Would you return the listing exactly as written, apart from its pictures?

■ **Information provided**
····················

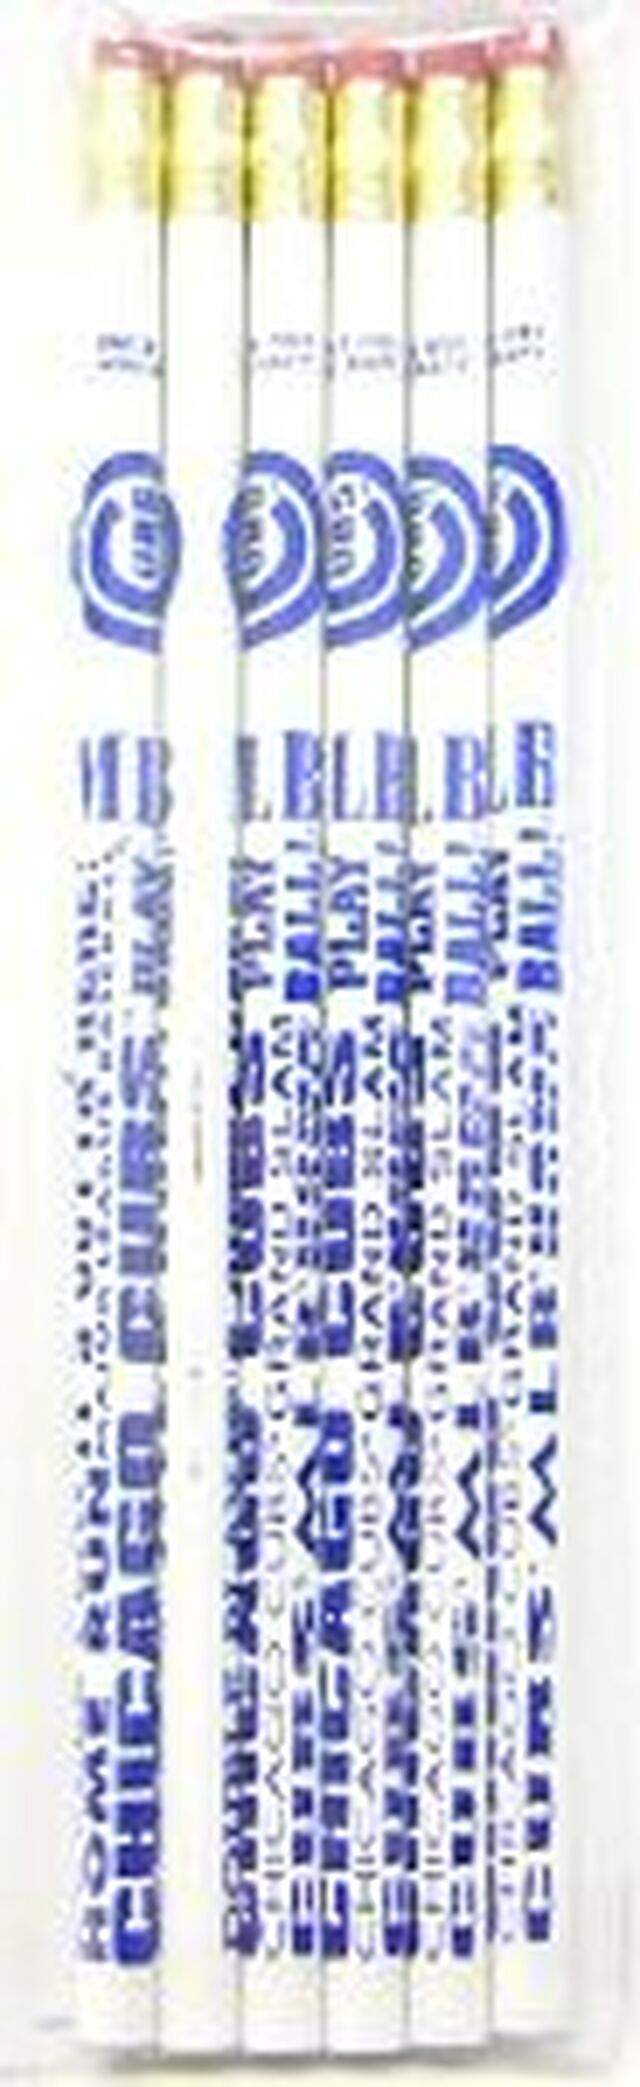 Chicago Cubs 2 Pack of Pencils - 6 per pack by Wincraft
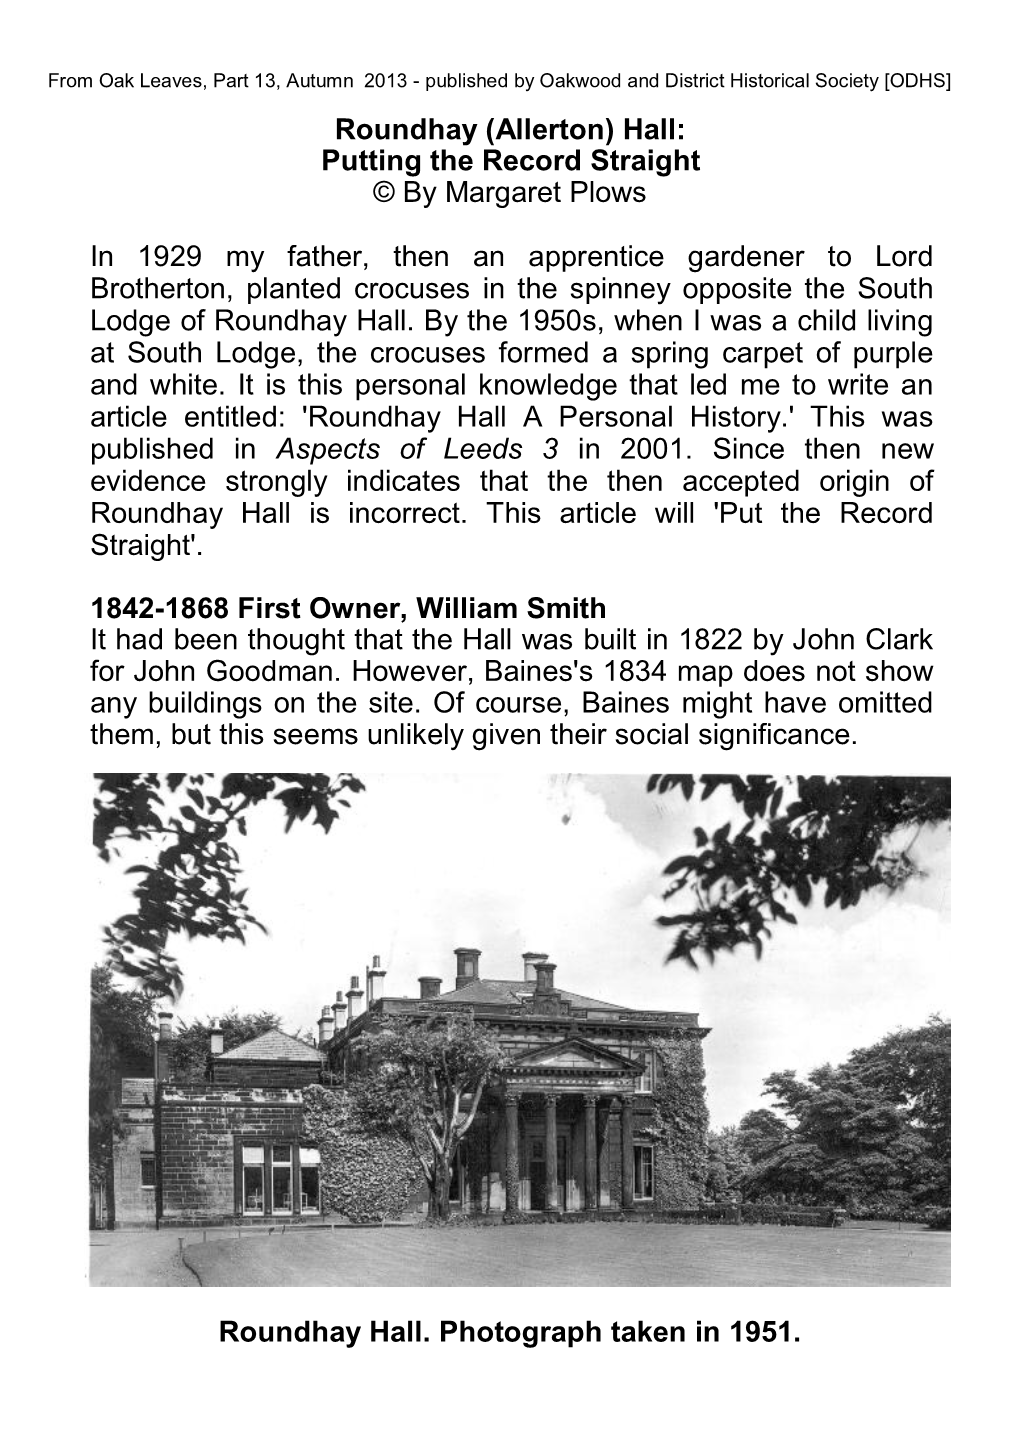 Roundhay (Allerton) Hall: Putting the Record Straight © by Margaret Plows
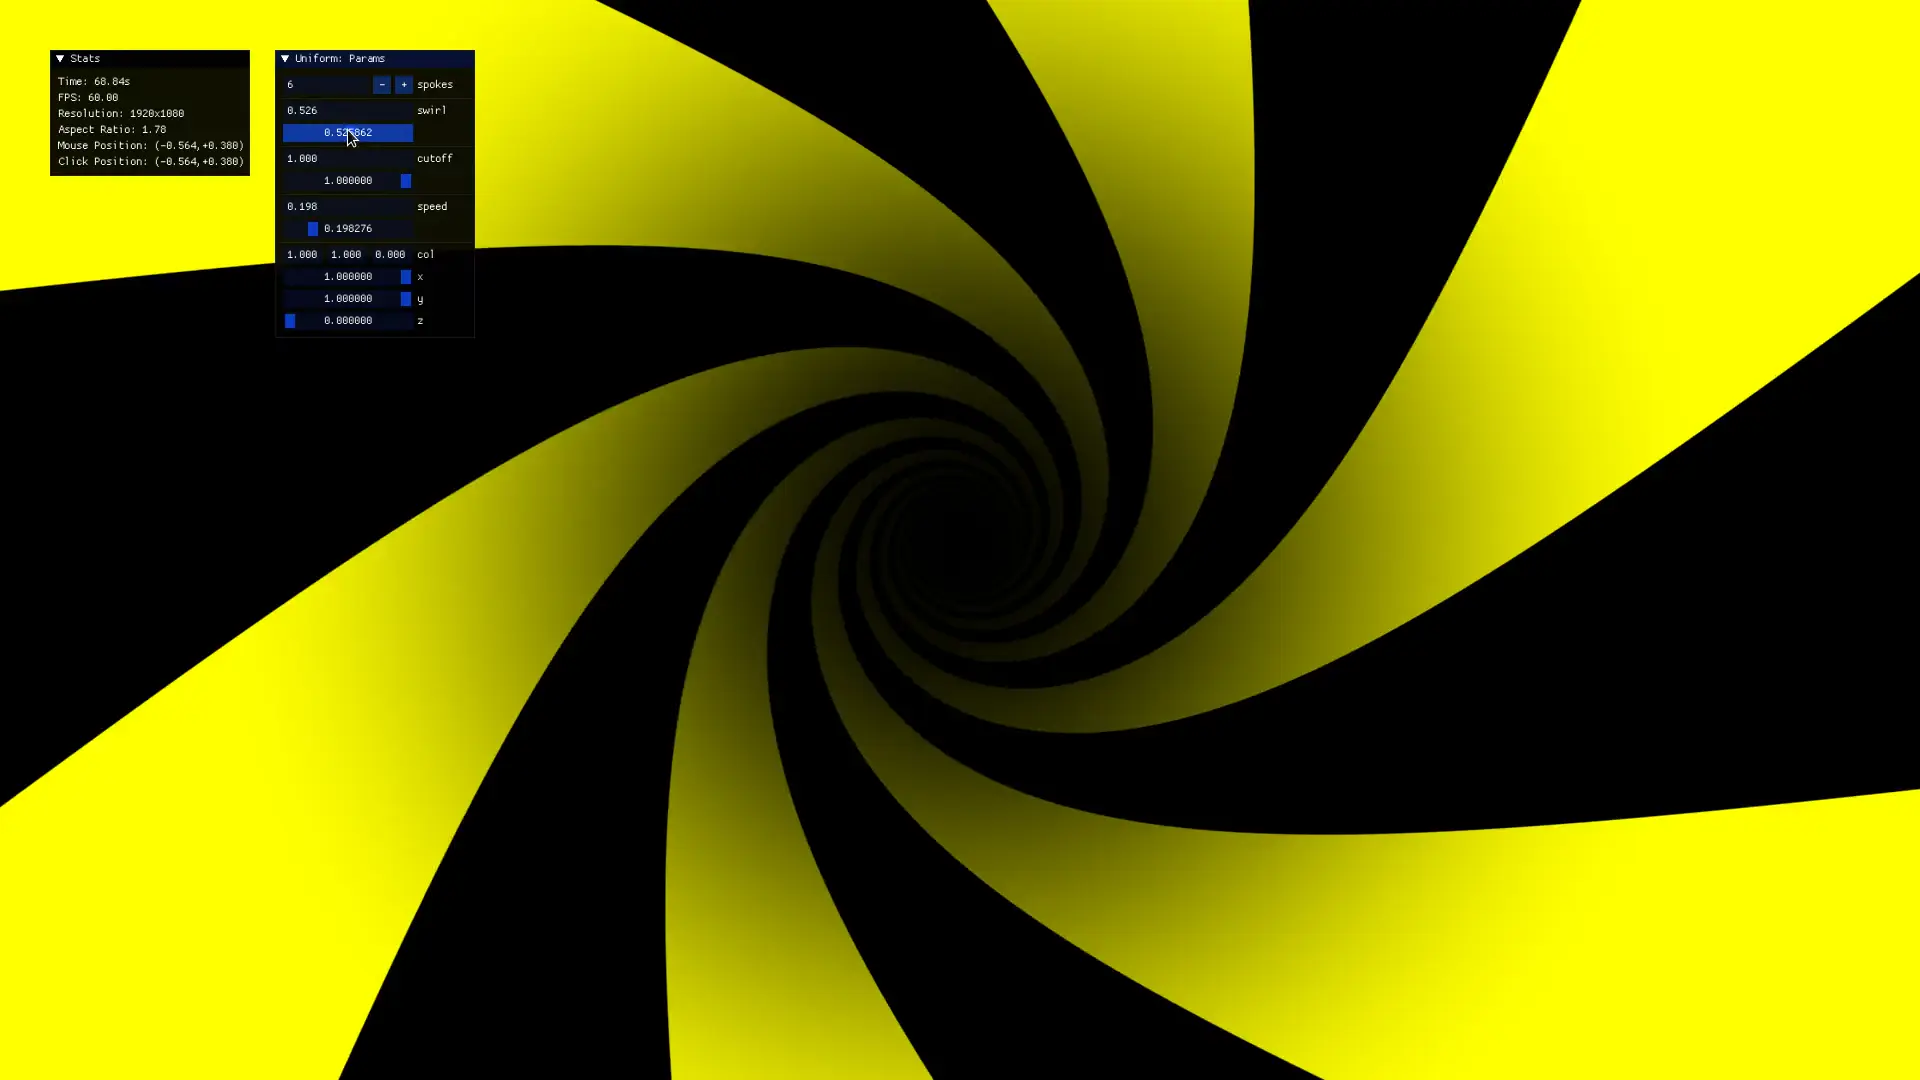 Rotating black and yellow spiral tunnel shader with tweaking of parameters.
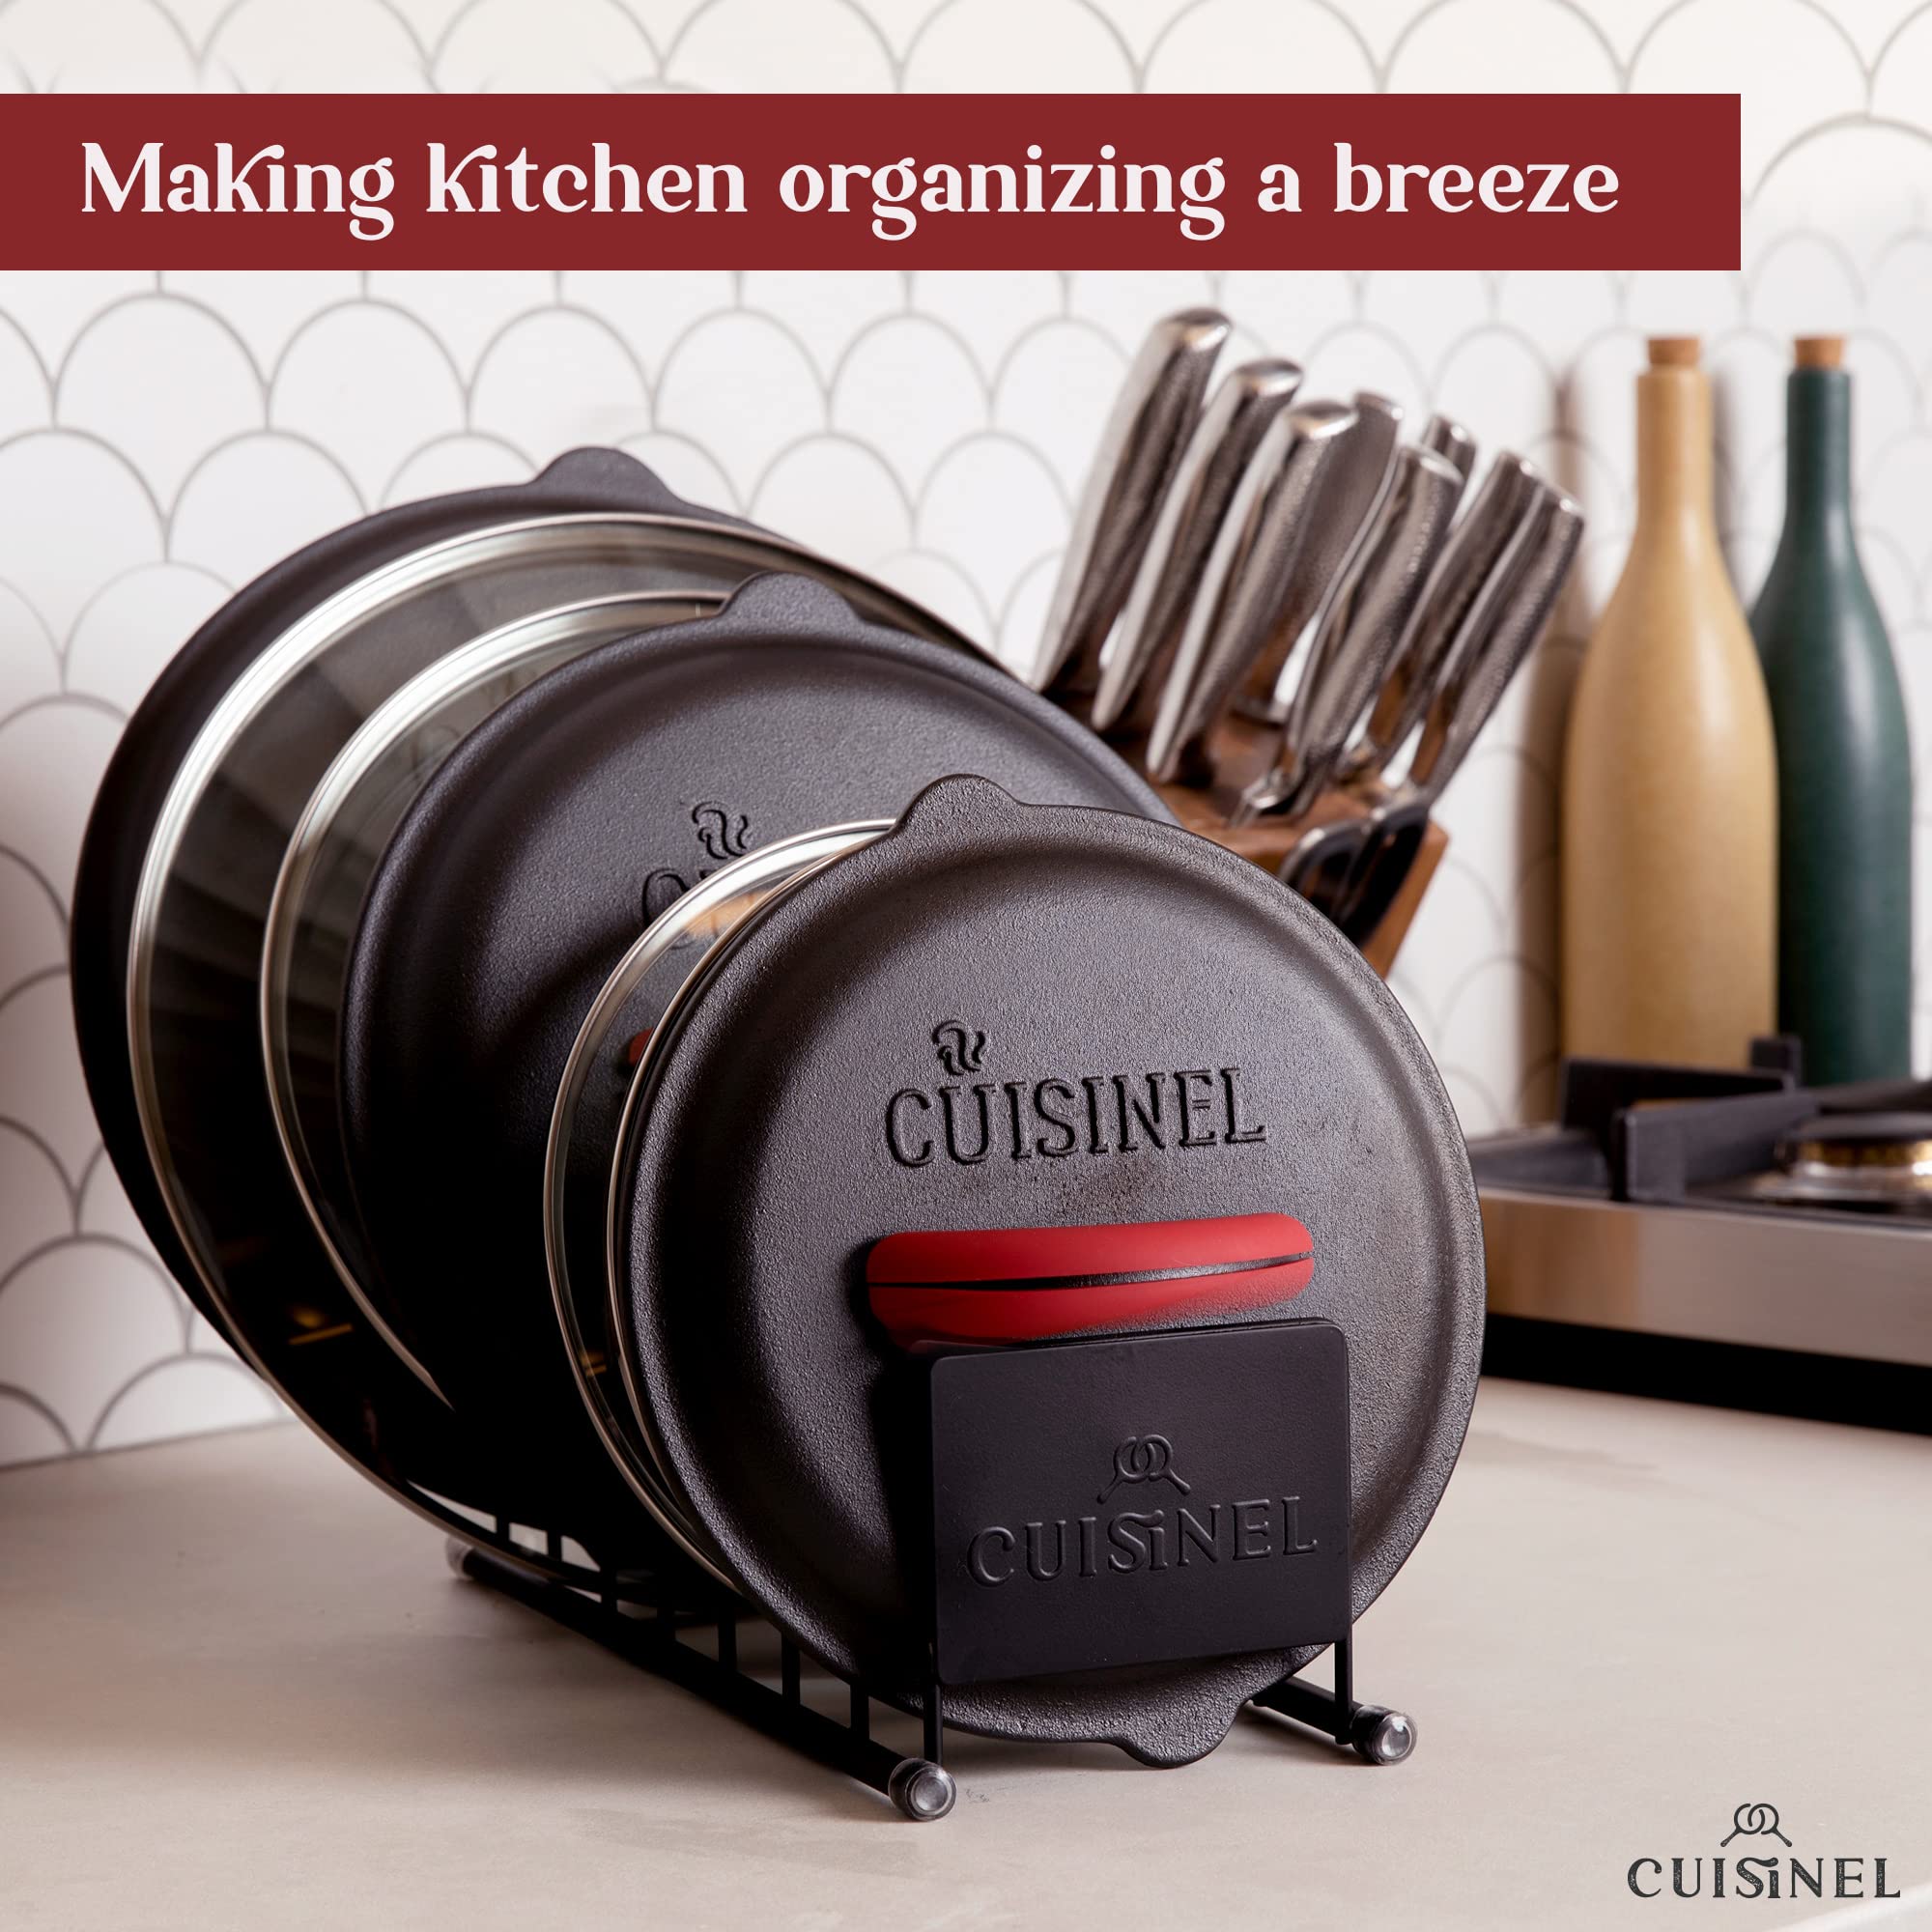 Cuisinel Heavy Duty Pan Organizer, 5 Tier Rack - Holds up to 50 LB - Holds Cast Iron Skillets, Griddles and Shallow Pots - Durable Steel Construction - Space Saving Kitchen Storage  - Like New

····················

■ **Response to this exercise**
 Chicago Cubs 2 Pack of Pencils - 6 per pack by Wincraft
 Roundhay (Allerton) Hall: Putting the Record Straight © by Margaret Plows
 Rotating black and yellow spiral tunnel shader with tweaking of parameters.
 Cuisinel Heavy Duty Pan Organizer, 5 Tier Rack - Holds up to 50 LB - Holds Cast Iron Skillets, Griddles and Shallow Pots - Durable Steel Construction - Space Saving Kitchen Storage  - Like New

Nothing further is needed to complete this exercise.